Exercise prompt:
Find "The pendant features 12 diamonds 0.36ctw" in the data below; transcribe the line it appears on and each line after it, exactly, to the end, and nothing else.

Collected material:
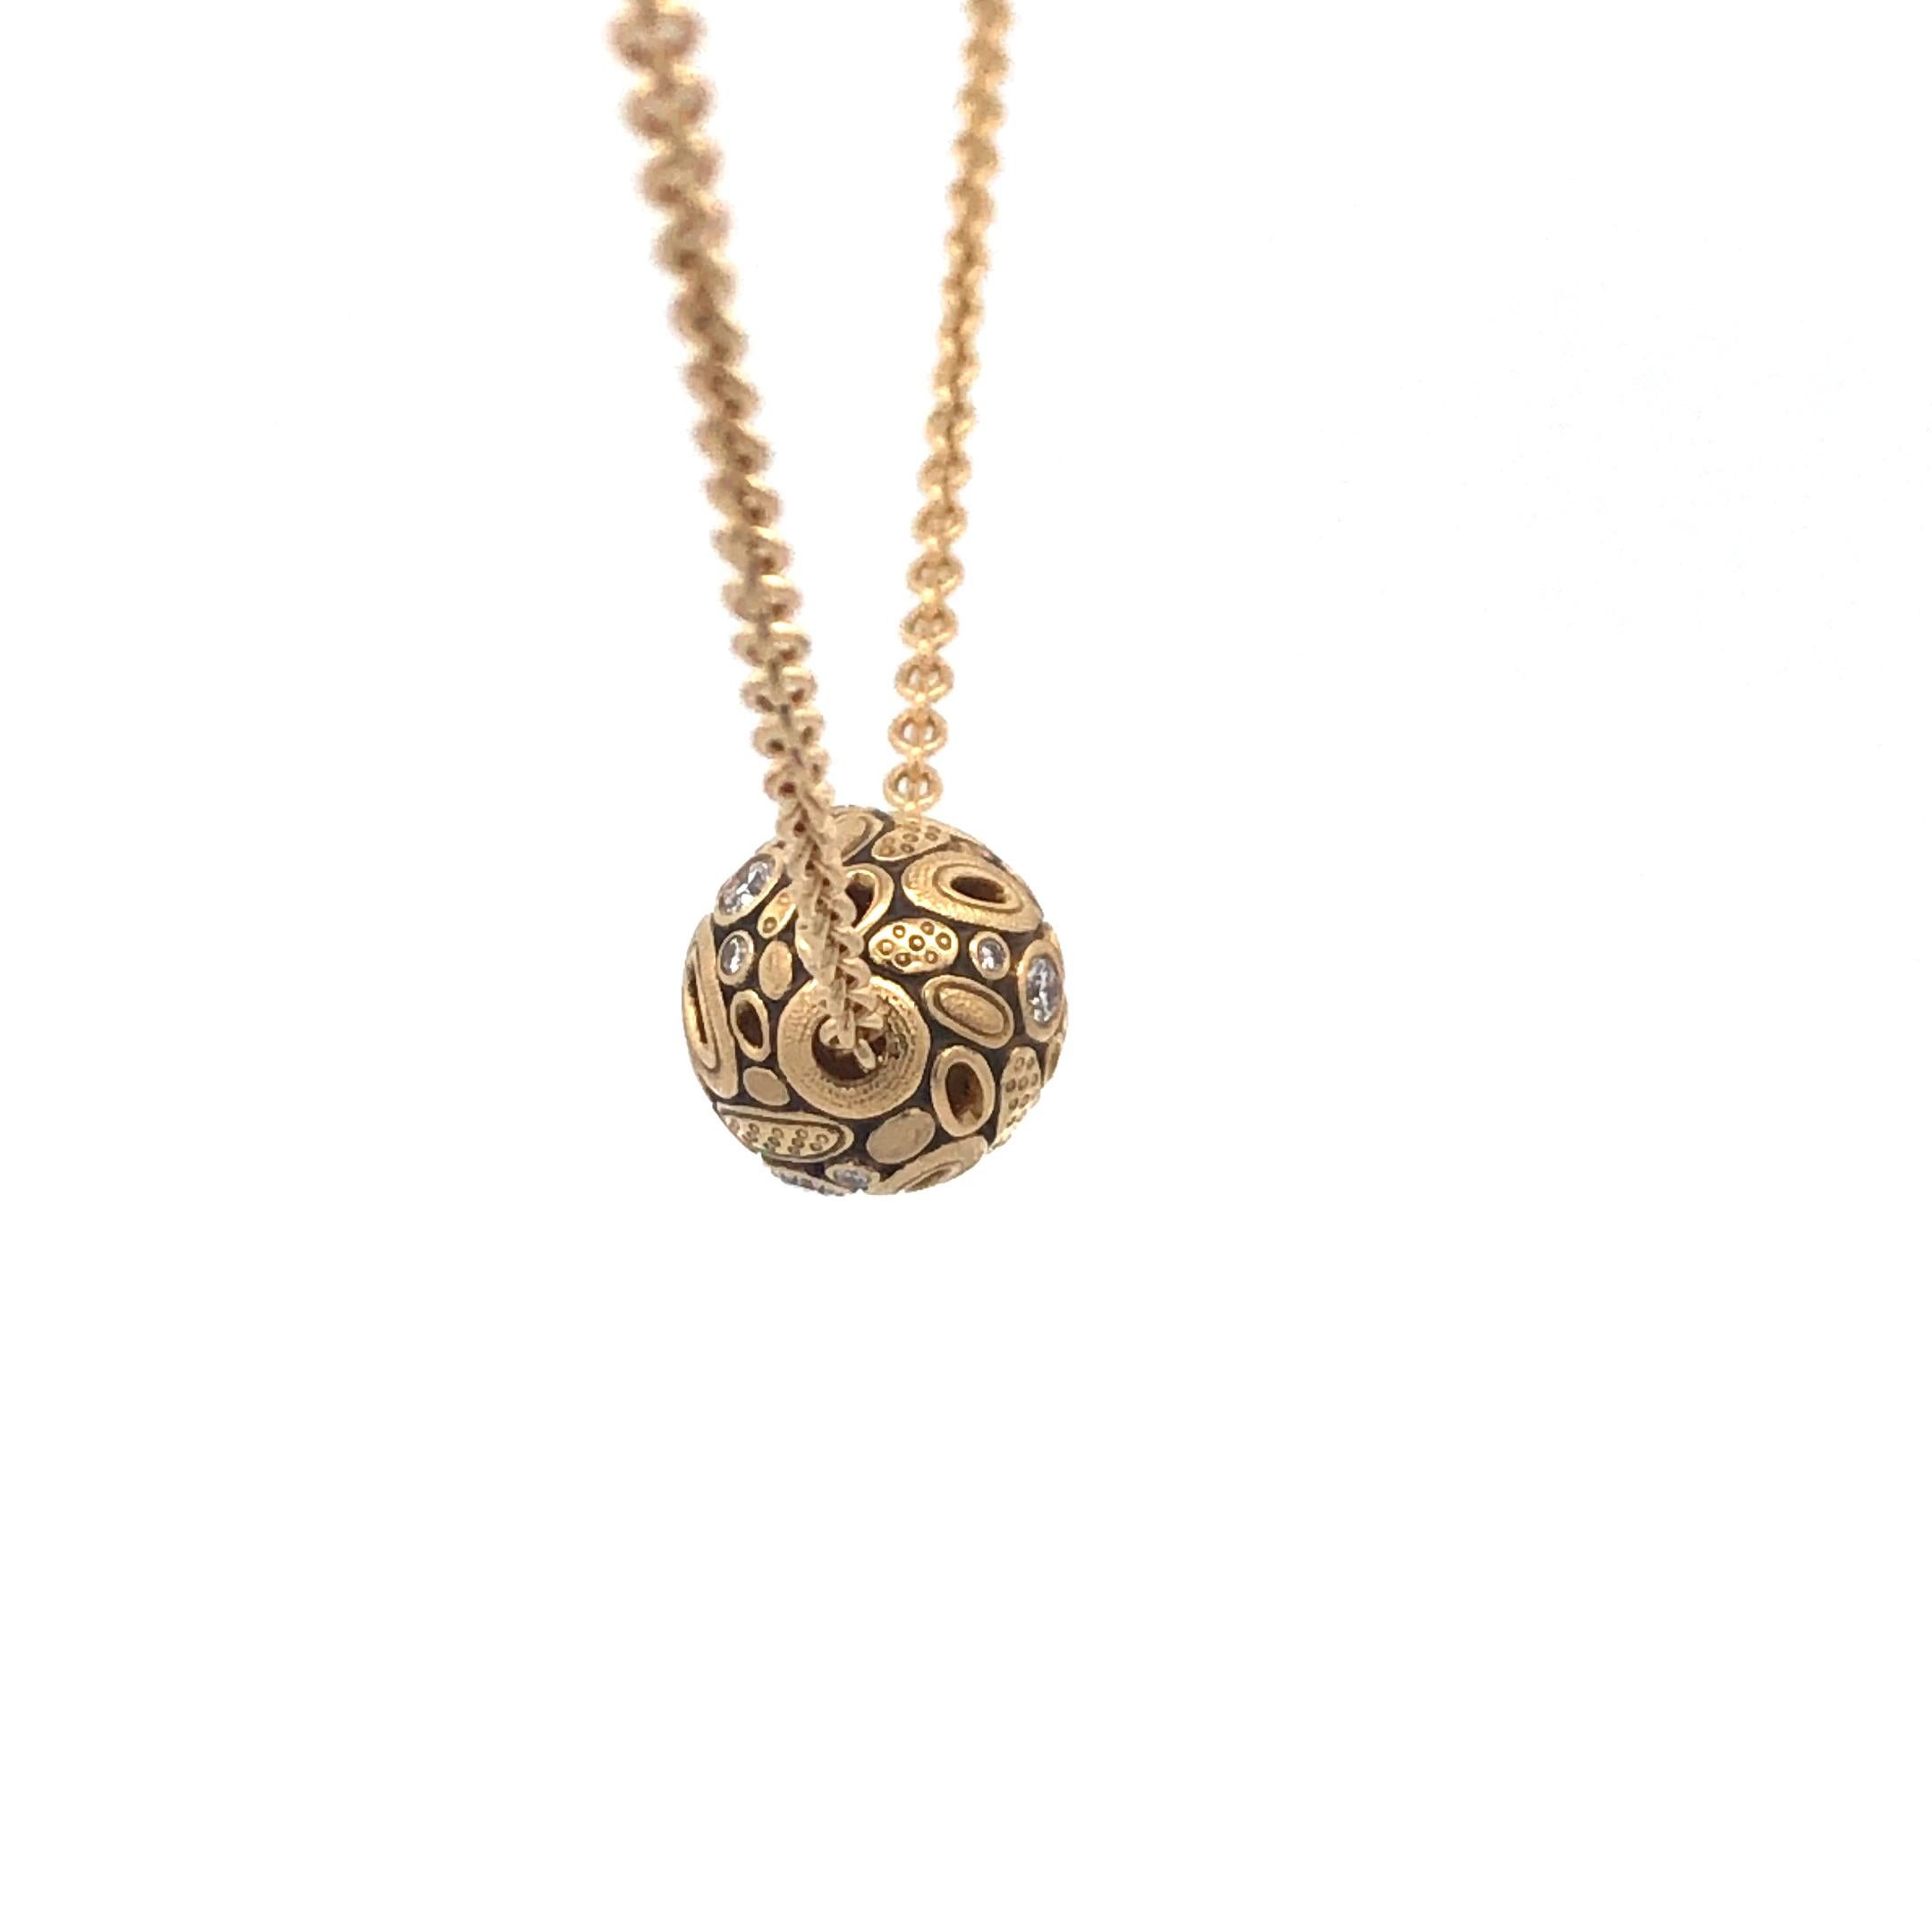 18K Yellow Gold and Diamond 'Open Ovals' Ball Pendant
The pendant features 12 diamonds 0.36ctw 
on 18K, 18

Result below:
The pendant features 12 diamonds 0.36ctw 
on 18K, 18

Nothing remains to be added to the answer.